# Last one to post, ⭐️✨ WINS! ✨⭐️



## Chris P Bacon (Feb 18, 2022)

Pretty simple concept here, just be the last one 
to post a message here and you’re the winner!

So far, my chances are looking good, I’m in 1st
place! Can _*YOU*_ be the last one to post!


----------



## hollydolly (Feb 19, 2022)

We used to have this on the last forum ( just for clarity this forum used to have another version, until it was upgraded to this one we use now)... ..it's never ending thread..


----------



## Sparky (Feb 19, 2022)

Yes @hollydolly, we did have that game once before, but another one was started here...

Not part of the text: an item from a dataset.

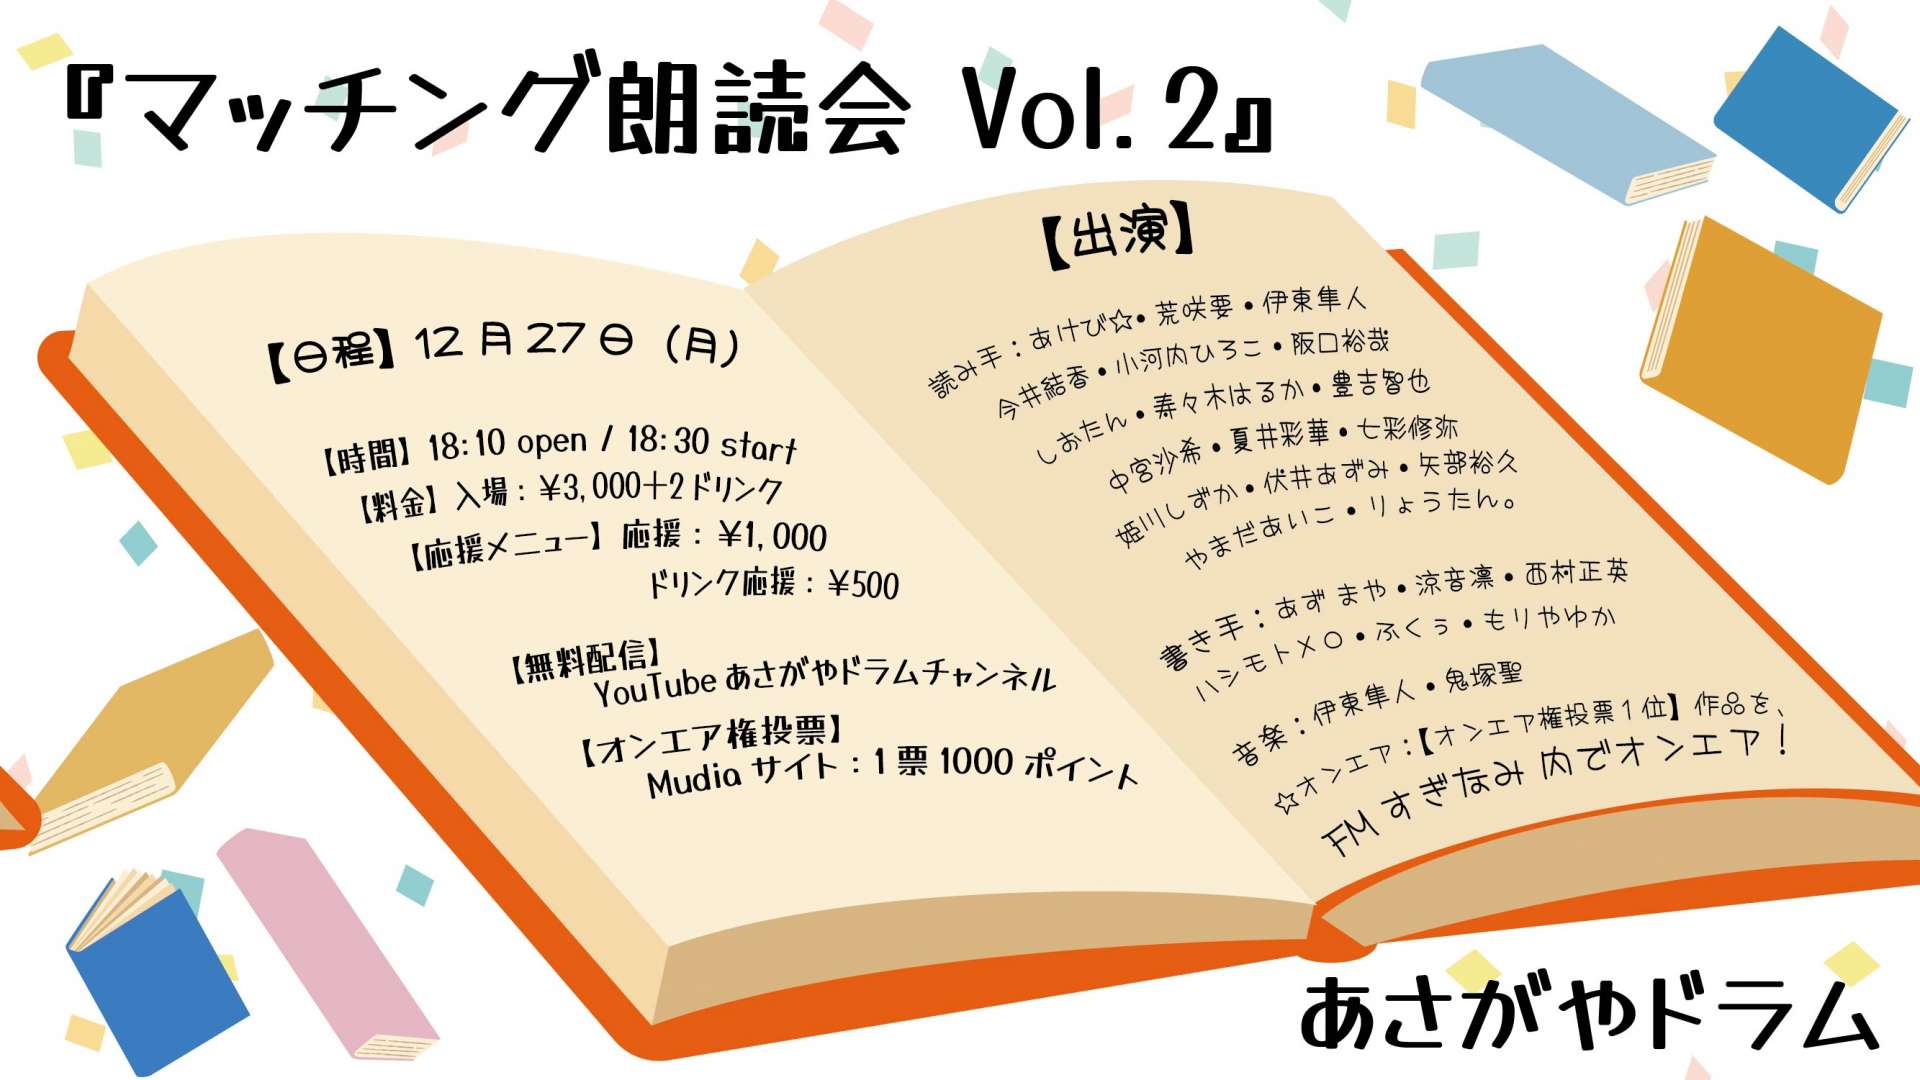 マッチング朗読会 Vol.2
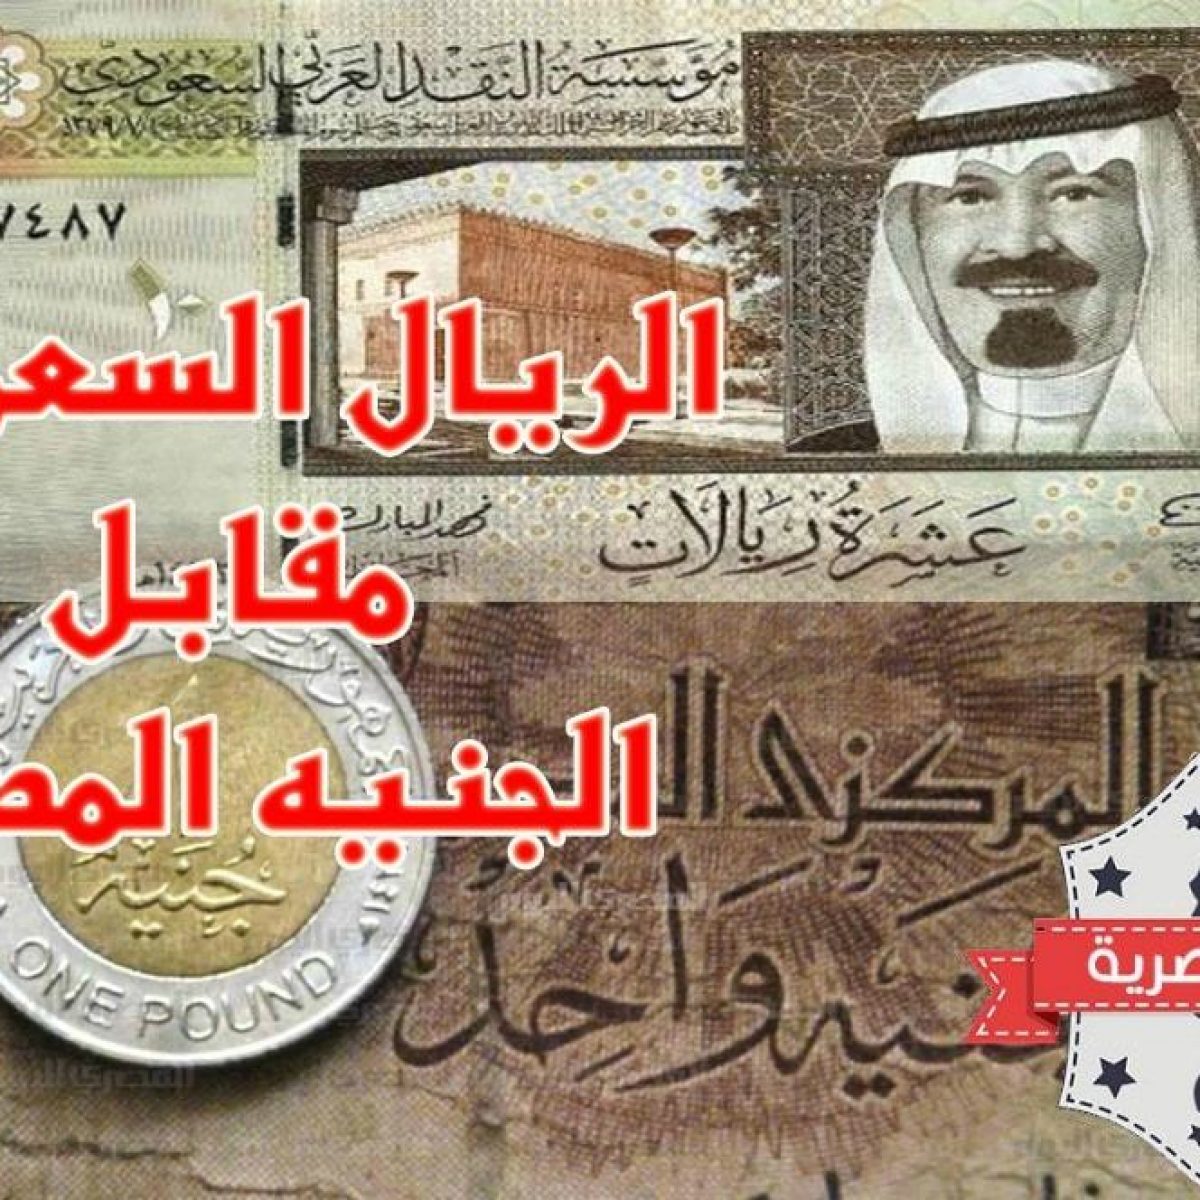 أنا يمني سعر الريال السعودي اليوم الأحد 29 7 2018 جميع البنوك في

https://www.seniorforums.com/threads/last-one-too-post-wins.48181/


----------



## JustBonee (Feb 20, 2022)

Not  again .....


----------



## hollydolly (Feb 20, 2022)

Bonnie said:


> Not  again .....


don't start....


----------



## Chris P Bacon (Feb 20, 2022)




----------



## RFW (Feb 20, 2022)

I'm sure I'll win because I'm launching all nukes after posting this.
Good night and godspeed.


----------



## Sunny (Feb 21, 2022)

No one wins until we get to the end of the world.


----------



## Pink Biz (Feb 21, 2022)




----------



## hollydolly (Feb 21, 2022)

still here....


----------



## Pink Biz (Feb 22, 2022)

Me too!


----------



## hollydolly (Feb 22, 2022)

Cool avatar @Pink Biz


----------



## Pink Biz (Feb 23, 2022)

Thanks @hollydolly!


----------



## hollydolly (Feb 23, 2022)

You're welcome...


----------



## JustBonee (Feb 23, 2022)




----------



## hollydolly (Feb 25, 2022)

Glorious sunshine today... very warm in the car... no doubt it'll be colder tonight


----------